The 2017-2018 IBGE dietary survey sampling was defined by clusters, in two stages: in the first, census tracts were drawn; in the second, households were drawn within each extract. The final sample included 57,920 Brazilian households. The NDS-HBS assessed the food intake using 24-hour food recalls, on two non-consecutive days, in a random subset of 34.7% of households, totaling 46,164 individuals aged 10 years or over. More information about the sampling process can be found in official publications of the IBGE.13
Food groups and variables
Food groups
All subjects reported all foods and beverages consumed the day before both interviews, including information on ingredients, preparation, and quantities. We categorized food reported into three groups: UFP, edible mushrooms, and wild meat. We excluded edible algae from our analysis due to the lack of sufficient observations (n=1) in the database.
UFP
Since there is no consensus list of UFP, we used the consensus of experts to classify the food plants reported by our sample. Initially, we selected all the plants consumed by the survey participants (219 plants) and sent them to six researchers with recognized scientific production on UFP from different Brazilian biomes. The invited researchers classified the 219 plants according to the following criteria: 1. limited use, either in geographical or cultural terms. 2. potential to contribute to the food and nutritional security of human populations. 3. potential to contribute to the sustainable use of biodiversity. We considered UFP those plants which more than 60% of the invited experts considered meeting criterion 1, and alternatively the criteria 2 or 3.
Mushroom
As there was no report of edible mushrooms by species in the dietary survey, we included the following reported foods: uncooked mushrooms, preserved mushrooms, and fungi risotto meals.
Wild meat
We considered wild meat or bushmeat as meat derived from any wild animals, especially non-aquatic vertebrates, harvested for subsistence or trade, excluding fish6. In this sense, we included in the bushmeat category wild animals used as a food resource, as well as preparations including meat from these animals as an ingredient.

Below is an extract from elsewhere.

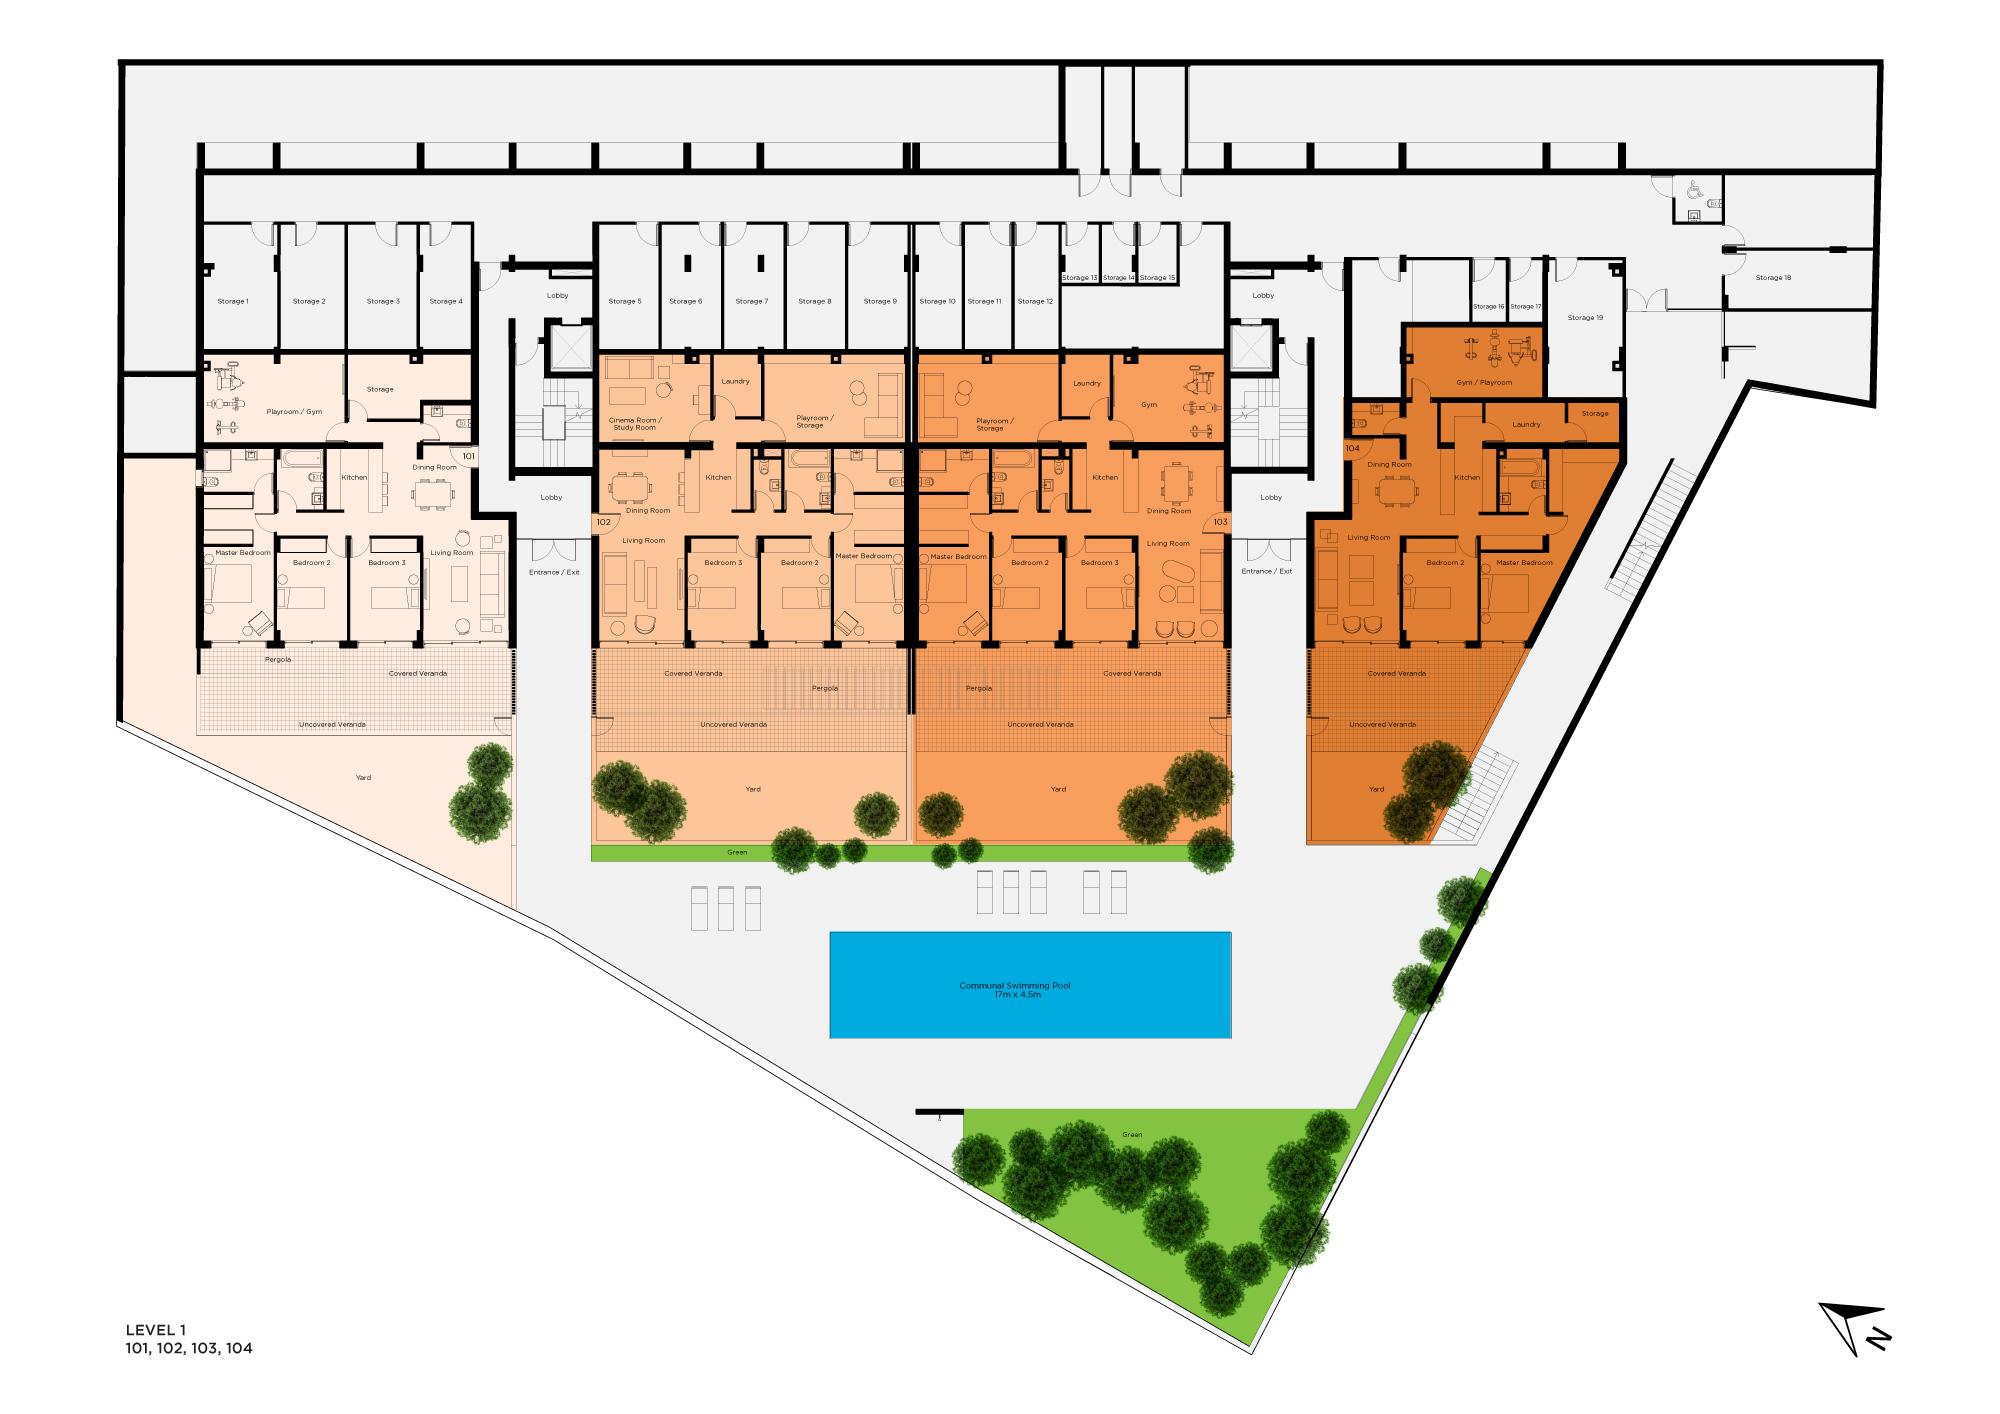 Pantheon Hill Level 1 Floorplan

We collected the vernacular name, regions of occurrence, and frequency of consumption for UFP and wild meat. We used this information to classify the UFP and the bushmeat by genus and species (if possible). Using vernacular names and the location of consumption provided by the dietary survey and the location of the species occurrence provided by the Flora do Brasil database (https://floradobrasil.jbrj.gov.br/), we produced taxonomic clues that are proxies of scientific names of the species consumed.
We considered the mean of consumption in two days for all food groups. We only included recipes that mentioned foods in one of the three groups, and we used the Table of Reference Measures for Food Consumed in Brazil14 to estimate the amounts consumed in grams or milliliters of each food or beverage.

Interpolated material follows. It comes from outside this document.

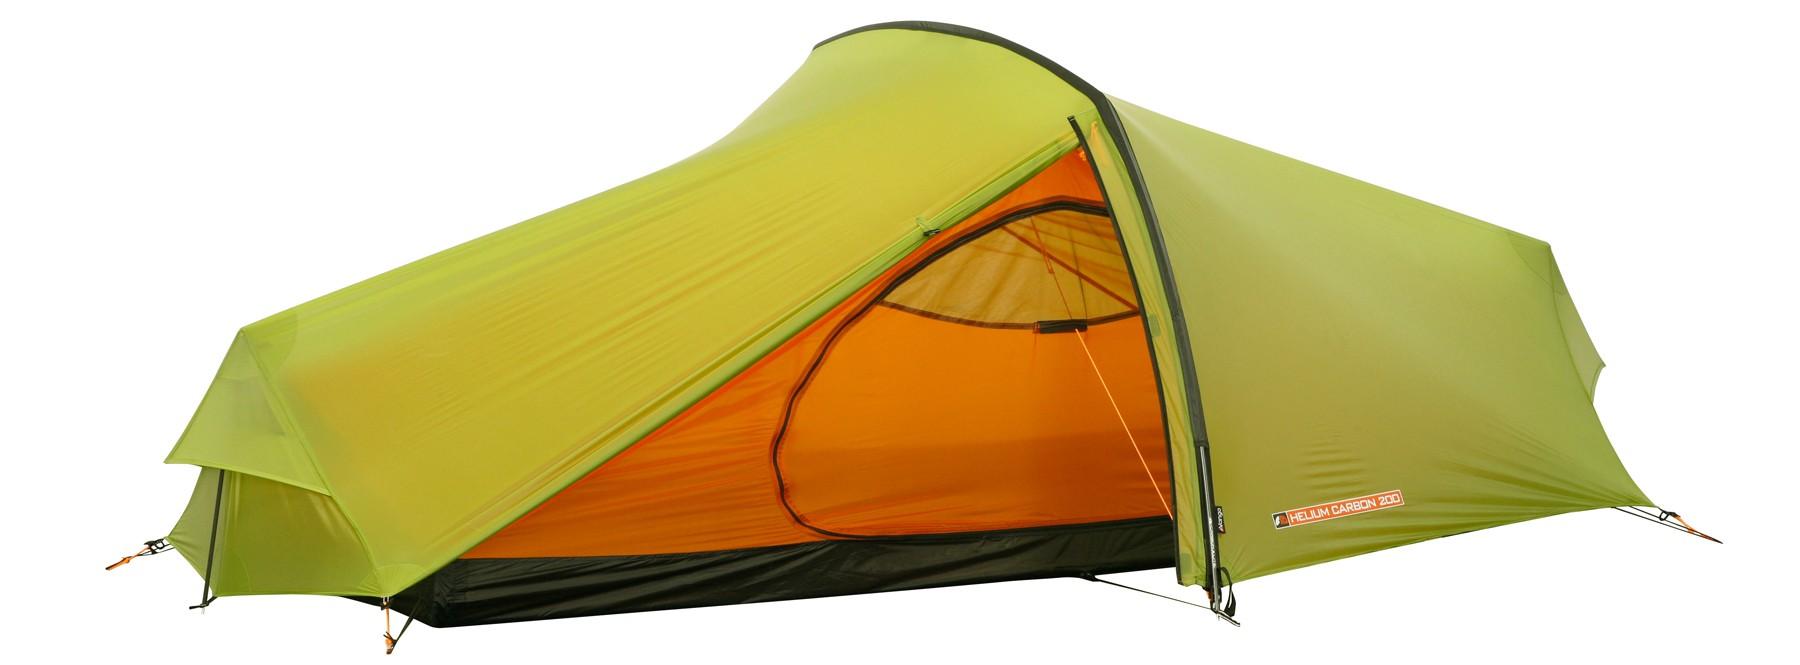 sc 1 st  Outdoor Megastore & Force Ten Helium Carbon 200 Tent

Socioeconomic and demographic variables
We used the variables sex (male or female), age (years), states of Brazil (names), degree of urbanization of households (urban or rural), education (years of schooling), per capita income (USD), ethnicity (white, black, Asian, multiethnic, or indigenous), and household state of food insecurity. The IBGE survey measured food insecurity according to the reduced eight item version of the Brazilian Food Insecurity Scale (EBIA), the official Brazilian tool to determine food insecurity levels in the population. We classified degrees of food insecurity based on the final scale score, with the following cutoff points: Food security (0), mild food insecurity (1-3), moderate food insecurity (4-5), and severe food insecurity (6-8).15
Data analysis
Descriptive analysis
We performed descriptive analysis to describe the food groups and socioeconomic and demographic variables, using relative frequencies, means, and 95% confidence intervals. We accounted for the sample weights in order to accurately represent the study population according to the sample design of the research. We conducted these analyses using the R language through the RStudio interface with the assistance of the Survey package.

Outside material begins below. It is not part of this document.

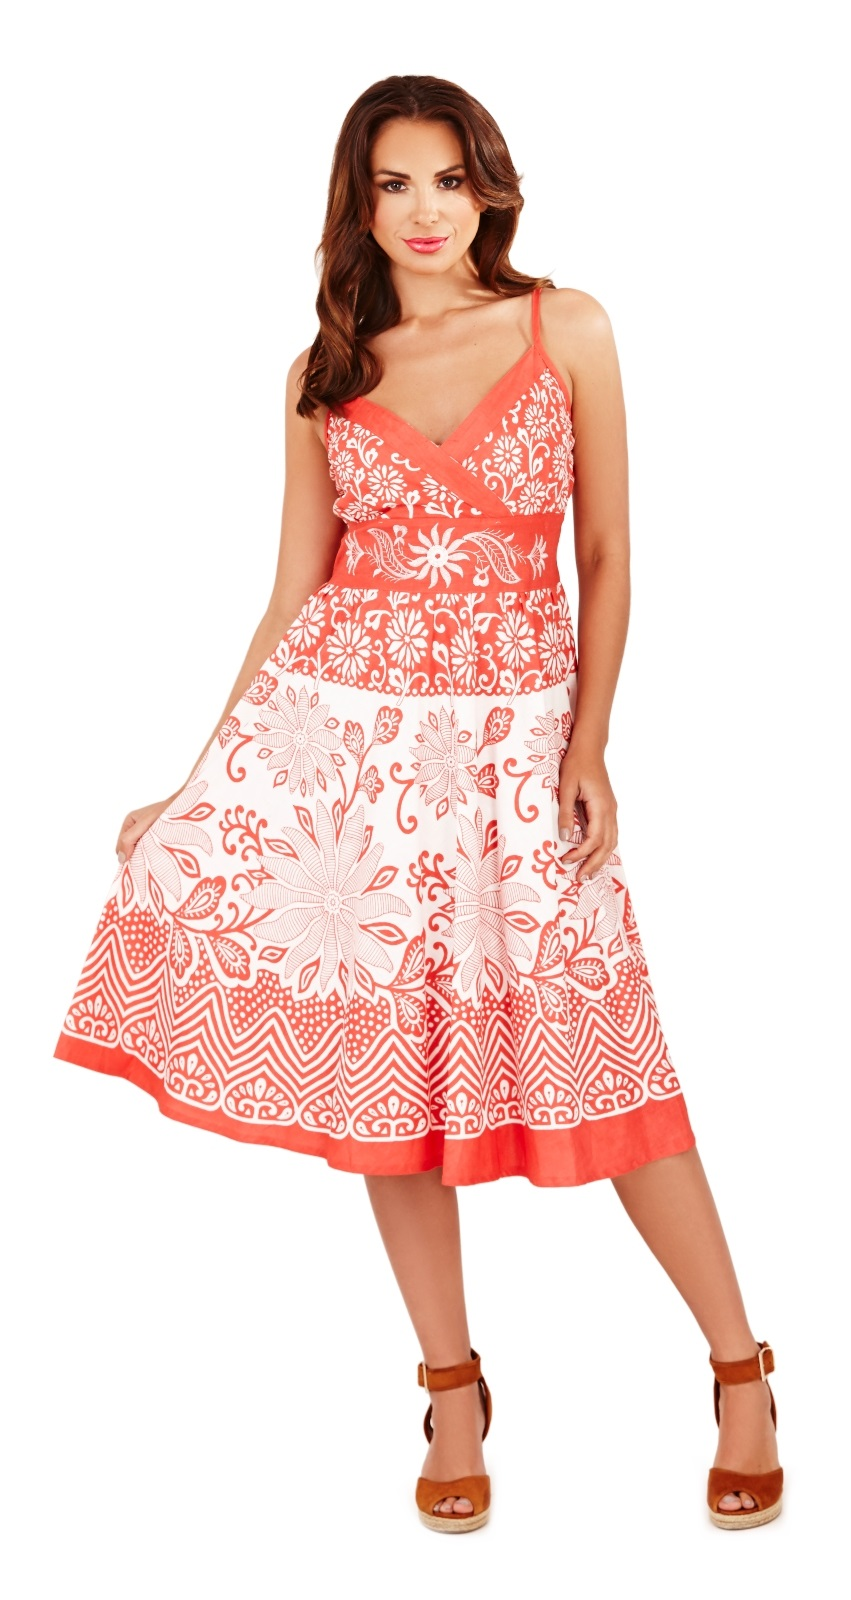 Womens Summer Dress 100% Cotton V Neck Floral Mid Length

Identifying socioeconomic predictors of unconventional food plants consumption
In addition to analyzing the overall consumption of biodiverse foods, we specifically analyzed the data on UFP to identify the socioeconomic predictors of their consumption. Unfortunately, we were unable to perform a similar analysis on wild meat and edible mushrooms due to the lack of observations related to the consumption of these food resources (consumption frequency <1%).
To choose the classifier with the greatest ability to model the phenomenon, we tested various machine learning architectures. To conduct the tests, we transformed the independent variables to normalize them, so that the values ranged from -1 to 1. Data normalization is a common requirement for many machine learning estimators. To normalize, the standard score of the sample was calculated as follows: z = (x - u) / s, where x represents the independent variables, u is the mean of the training samples, and s is the standard deviation of the training samples. The entire dataset was then used in a stratified K-fold validation strategy, where K=10; in other words, the data was divided into ten groups of similar size, stratified by the dependent variable. The predicted values for each of the ten groups were obtained by training the remaining nine groups. The chosen classifier was the one that showed the best Matthews Correlation Coefficient (MCC). The MCC measures the differences between expected and predicted values, being similar to the chi-square statistic for a 2x2 contingency table. After choosing the classifier, we trained a new instance of the model using the entire dataset for SHAP (SHapley Additive exPlanations) value analysis. SHAP is a cooperative game theory-based method used to increase the transparency and interpretability of machine learning models. In summary, the idea behind the procedure adopted is (1) to choose the best classifier to approximate the phenomenon, and then (2) to evaluate the importance of each independent variable for the result of the model. We chose the Logistic regression + Catboost architecture, which combines a logistic regression model with non-linear analysis, as the best classifier for approximating the phenomenon because it has the best MCC (Supplementary Table 1). All analyses were developed using the Python programming language in the Jupyter Notebook interface.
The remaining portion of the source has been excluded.